Kamu malları-devletin özel malları ayrımı paralelinde, öğretideki genel kabul görmüş
Devlet malları sınıflandırmasına, diğer kamu tüzel kişilerinin sahip oldukları taşınmazlar
yanında nicelik ve nitelik olarak önemli bir ağırlığı olan Hazinenin özel mülkiyetindeki ve diğer
Kamu Tüzel Kişileri adına tapuda kayıtlı taşınmazlar da eklenerek, devlet malları genel
sınıflandırmasının içeriği aşağıdaki şekilde belirlenebilir.
DEVLET MALLARI
Öğretide genel olarak kabul görmüş yukarıdaki sınıflandırmanın “Devlet Malları” üst
başlığı, tüm kamu kurum ve kuruluşlarının sahip oldukları mallar ile kamunun yararlanmasına
doğrudan ya da yasal/yönetsel bir işlemle tahsis edilmiş tüm malları içermesi yönüyle her ne
kadar birçok kavrama kıyasen kapsayıcı olsa da, “mallar” ifadesi ile tümüyle farklı yönetim
usullerine tabi olan devletin taşınır mallarını da içine dâhil etmesi gerekliliği ve ayrıca “devlet”

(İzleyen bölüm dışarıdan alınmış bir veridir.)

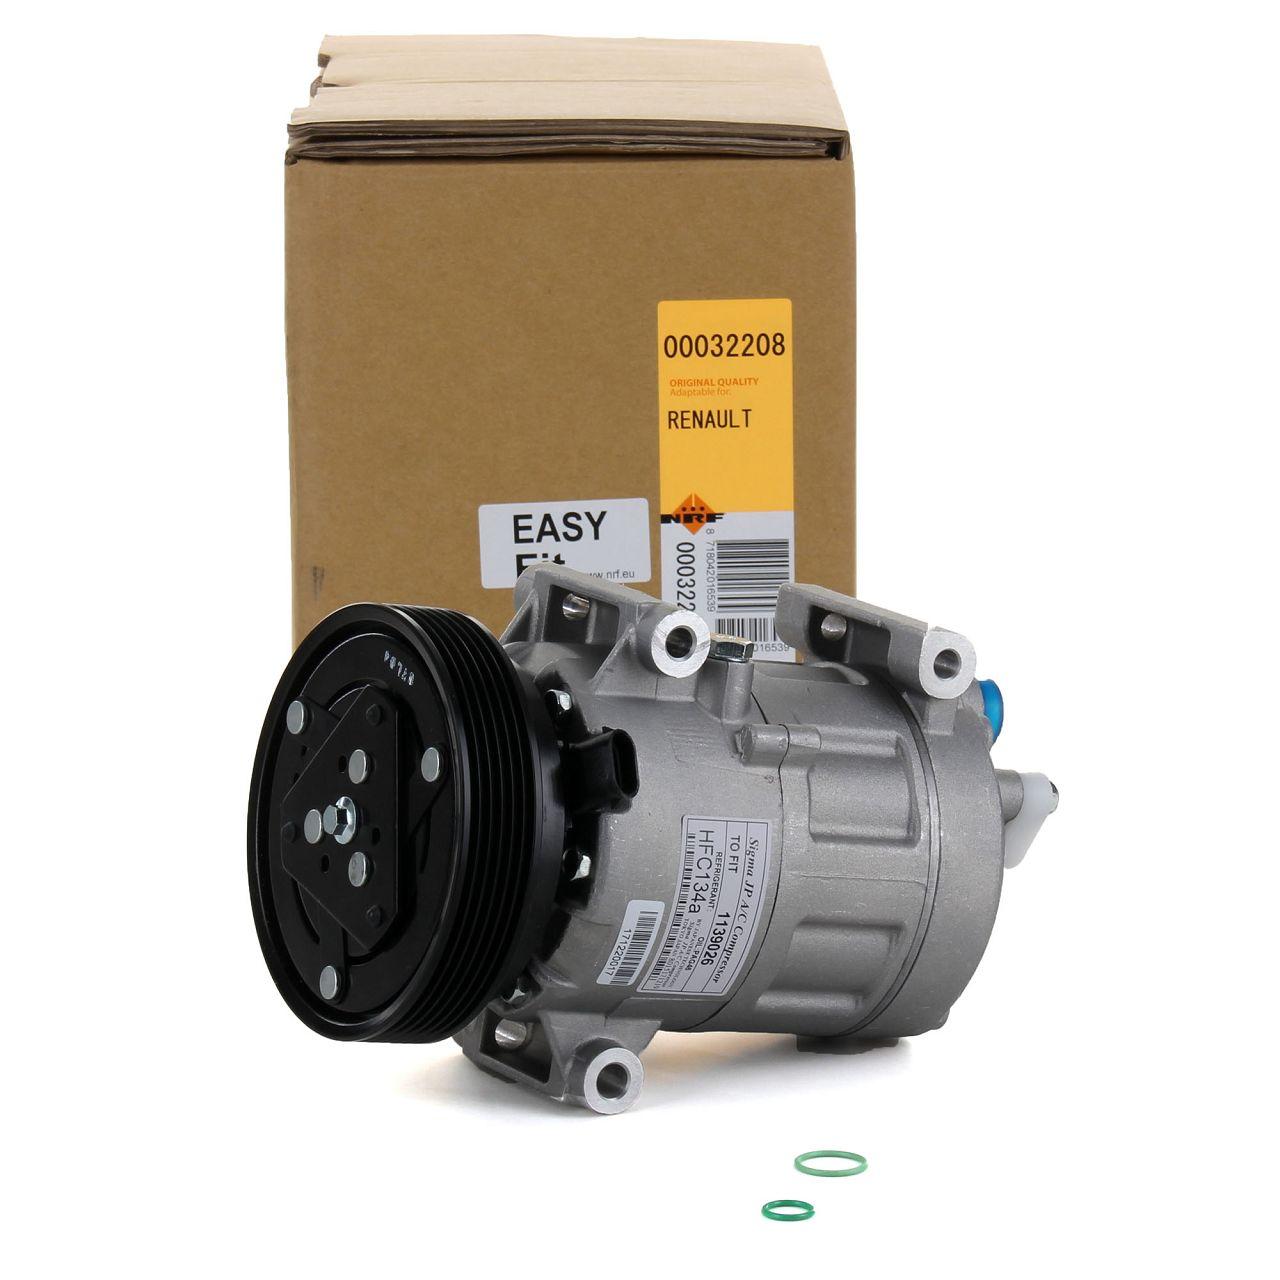 NRF 32208 Kompressor Klimaanlage EASY FIT für NISSAN QASHQAI RENAULT MEGANE
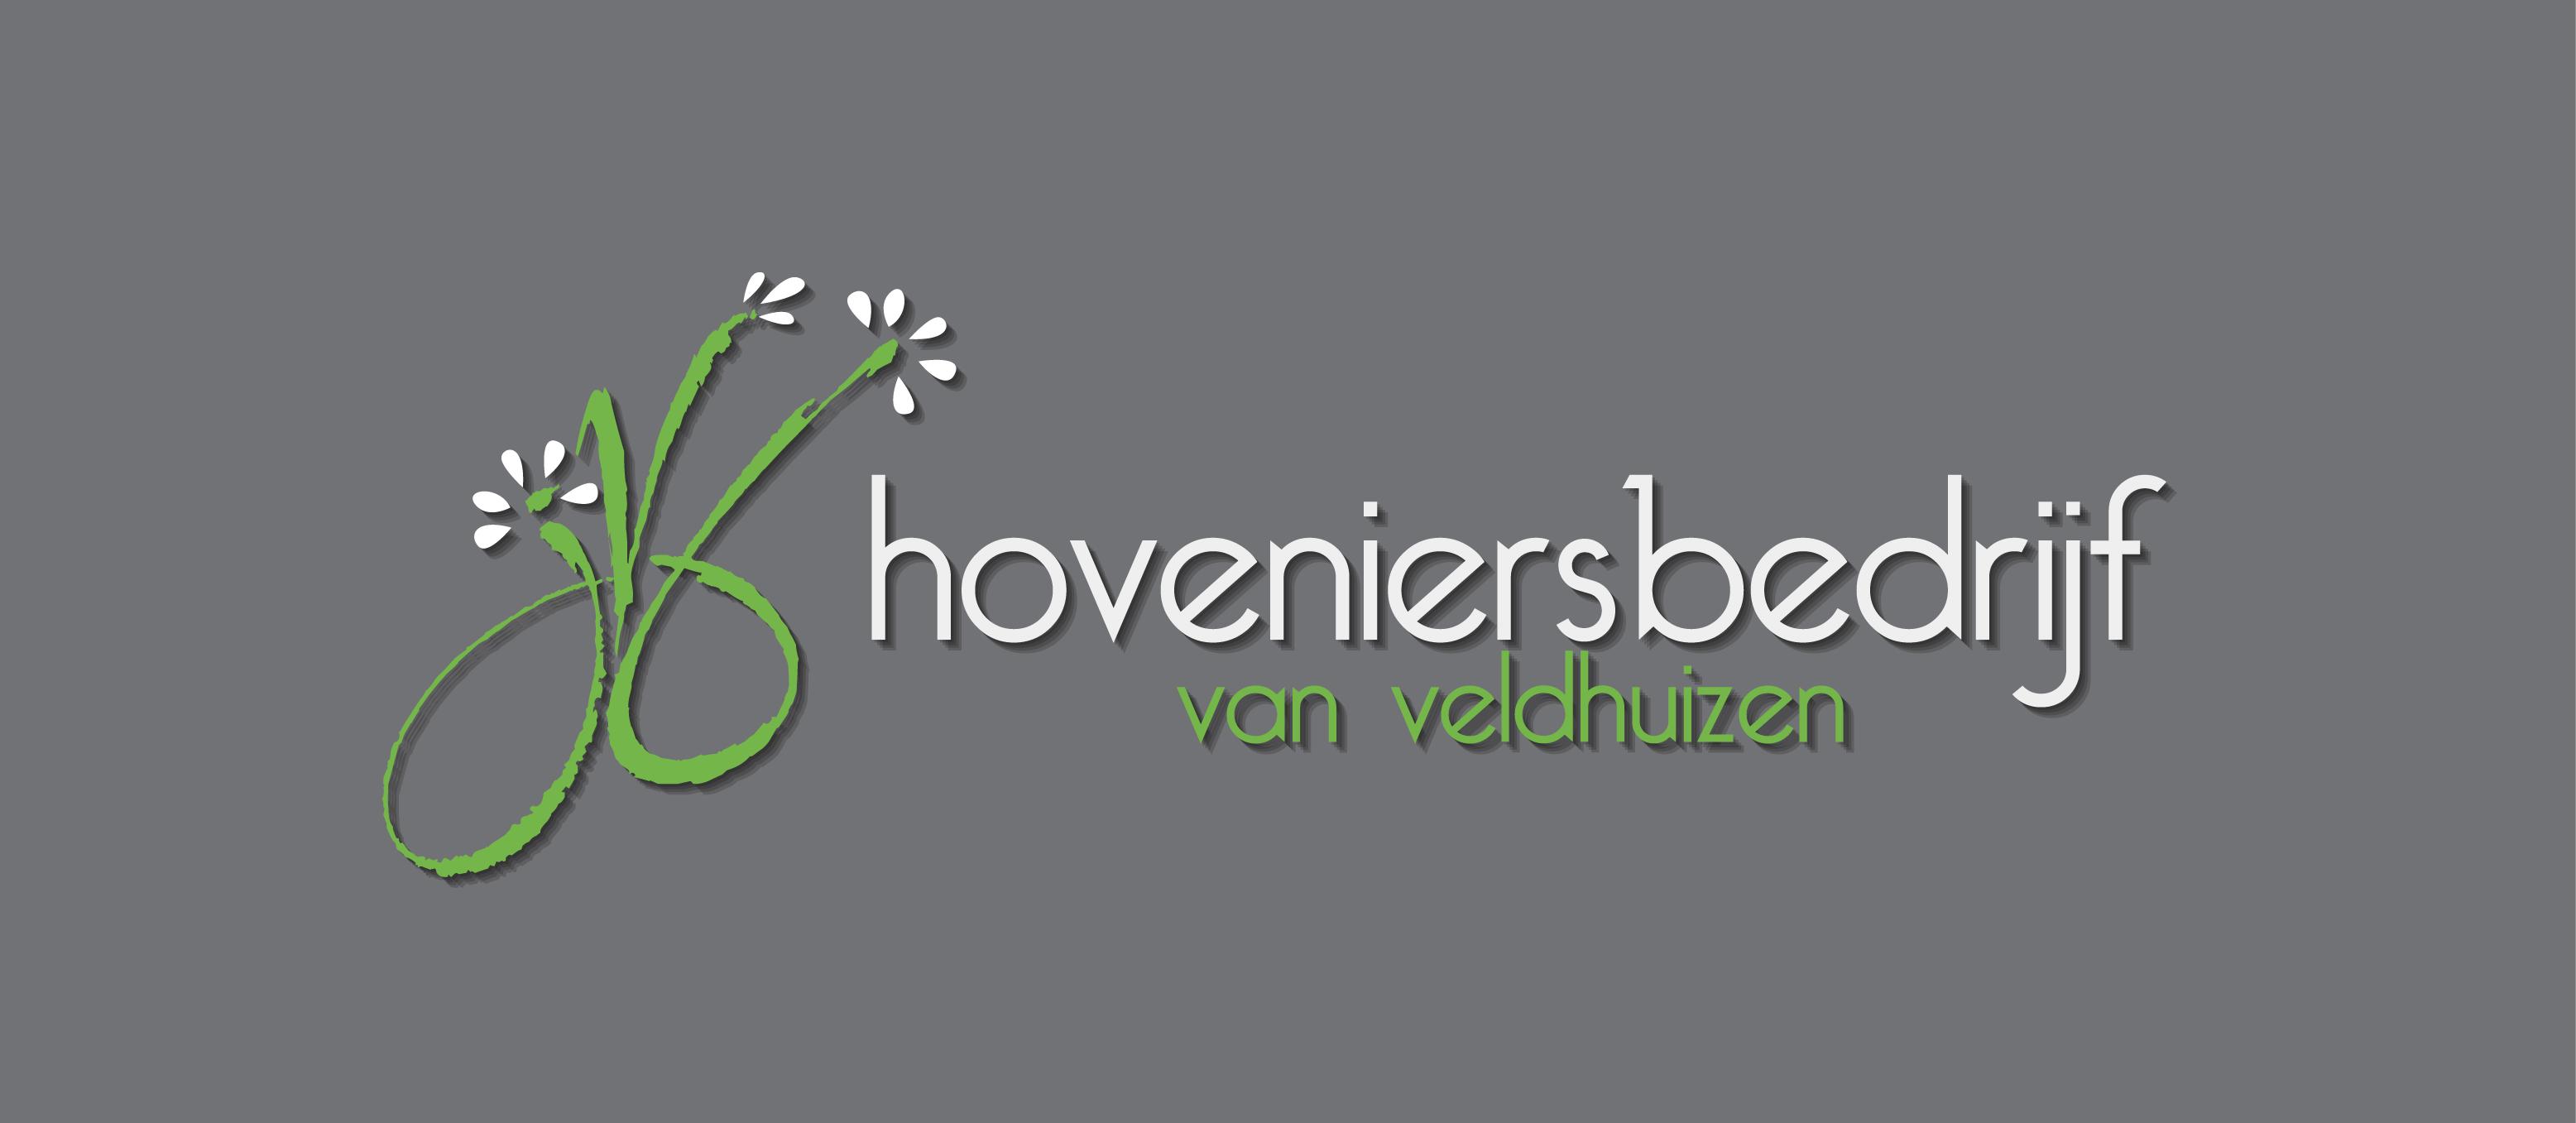 hoveniersbedrijf logo

kavramı ile de idari açıdan Devlet-Hazine, kamu kurumları, yerel yönetim birimlerinden
hangilerinin kapsama dâhil olup olmadığı hususunda net olmaması nedenleriyle, duraksamalara
yol açacak niteliktedir.
Milli Parkların, Tabiat parklarının, Tabiatı Koruma Alanlarının Kamu malları içindeki
konumu
Kamu ile ilişikli taşınmazları sınıflandırma gayreti esasen, özel mülkiyet rejiminin
uygulanamayacağı, devir ve kullanım açısından korunaklı bir statüde olduğu varsayılan bir grup
taşınmazı, kamunun özel mülkiyetinde bulunan “diğer” taşınmazlardan ayırmak amaçlıdır ki,
bu grup taşınmazlar, ayrı bir kategori olarak incelenmesi gereken Devletin hüküm ve tasarrufu
altındaki yerlerdir. Bu çerçevede Devlet/Kamu-taşınmaz ilişkisinde karşımıza aslında iki tür
taşınmaz çıkmaktadır. Bunlar, kamunun özel mülkiyetindeki taşınmazlar ile Devletin hüküm
ve tasarrufu altındaki taşınmazlardır (yerlerdir).